Deux réserves d’eau sabotées en Vendée

Le 10 août également, le ministre de l’Agriculture Marc Fesneau et son collègue à l’Environnement Christophe Béchu ont déploré que deux réserves d’eau aient été sabotées en Vendée, à Nalliers et à Pouillé près de Fontenay-le-Comte. Les grillages ont été sectionnés et les bâches d'étanchéité lacérées. « Il y avait notamment dans la réserve de Pouillé, un niveau d’eau à 55 % rempli, ce qui va avoir des conséquences sur la biodiversité et sur la production agricole des exploitations de ce secteur », s’est indigné auprès du quotidien l'Opinion le député local Renaissance Pierre Henriet. Ces bassines, qui servent notamment à l’irrigation des cultures, sont mal vues de certains militants écologistes opposés aux rétentions d'eau.

Dans un communiqué commun, les ministres ont jugé ces dégradations « inacceptables » : « Alors que nous devons plus que jamais faire preuve de responsabilité collective dans la gestion des ressources en eau, ces agissements irresponsables ont des conséquences dommageables pour le territoire et la poursuite des activités humaines, agricoles et économiques. » Une enquête a été ouverte.
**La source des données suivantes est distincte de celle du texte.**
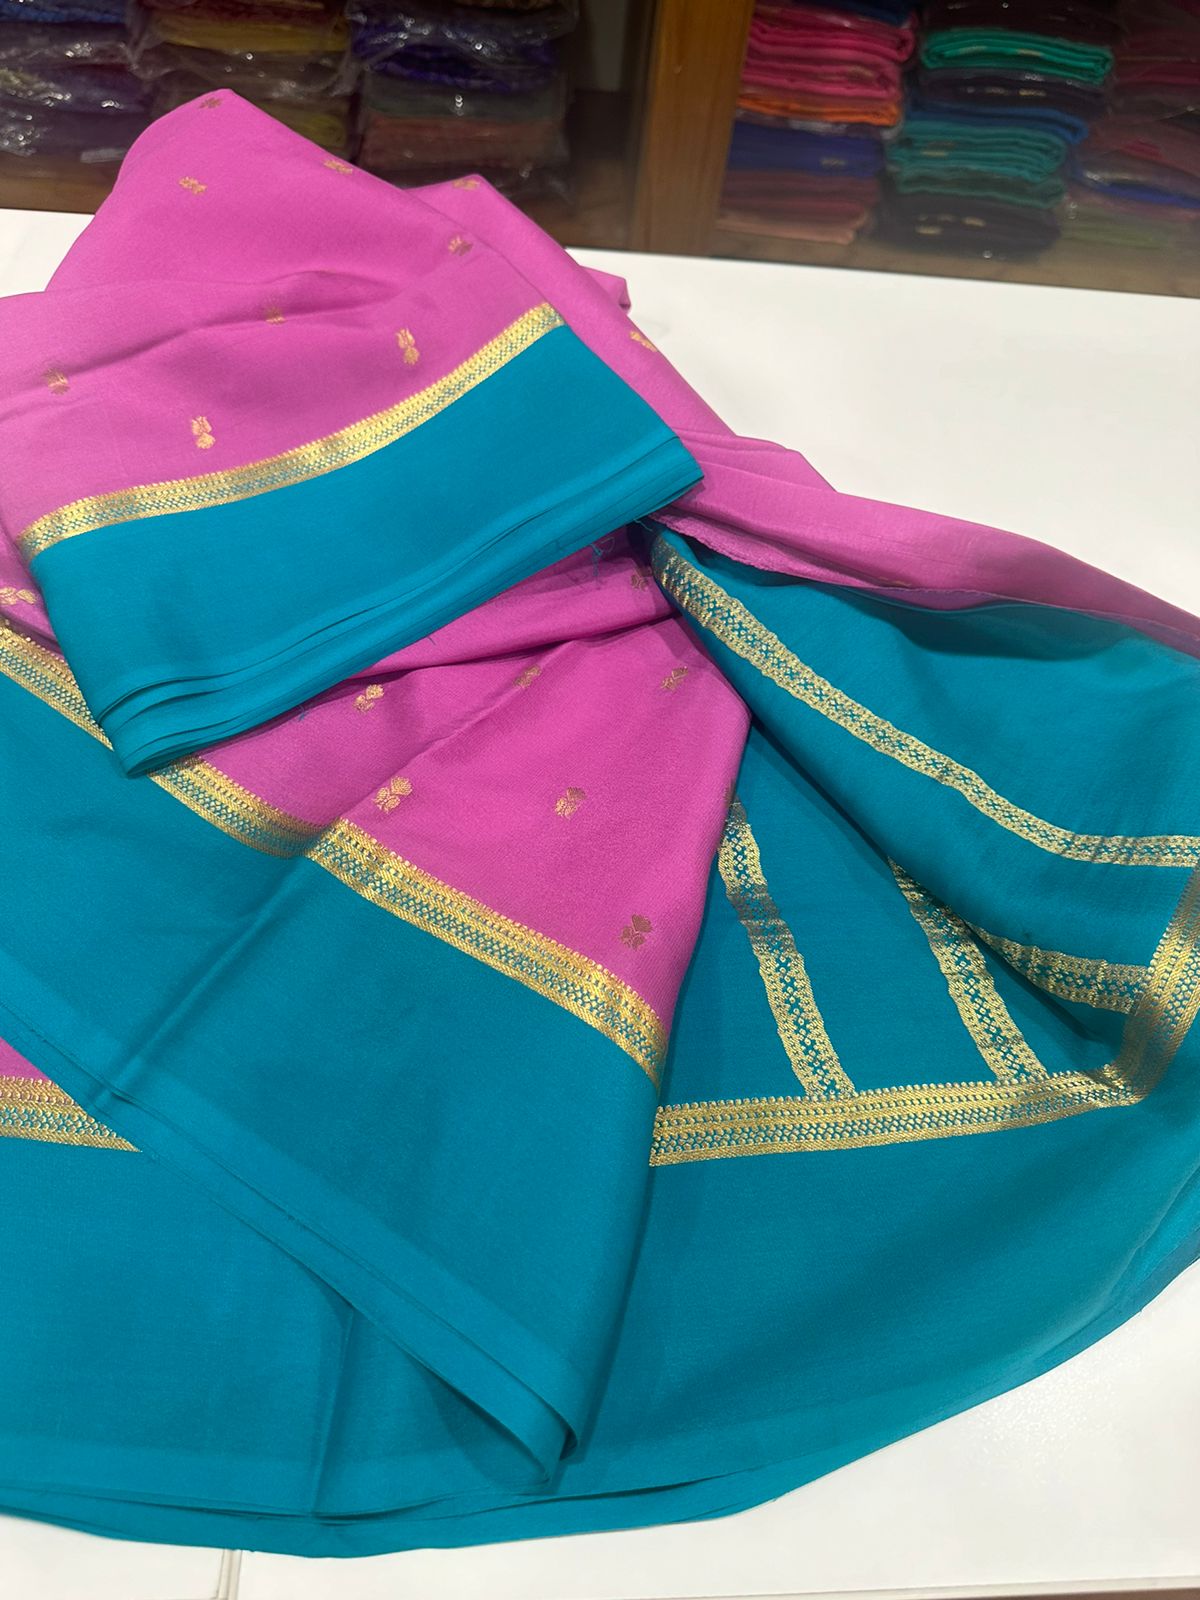 Pure Mysore silk saressTraditional borders with elegant color combinations

Dans les Vosges, huit jacuzzis percés

Les tensions sont particulièrement vives dans les communes frappées par des restrictions d’eau. C’est le cas à Gérardmer où la nappe phréatique qui alimente la ville, celle de Ramberchamp et de la source du Grand Kerné, accuse un niveau particulièrement bas. Depuis mercredi, l’eau qui alimente les robinets des habitants provient donc… directement du lac de la ville, après une décision de la maire Stessy Speissmar. C'est la quatrième fois en vingt ans qu’une telle décision est prise.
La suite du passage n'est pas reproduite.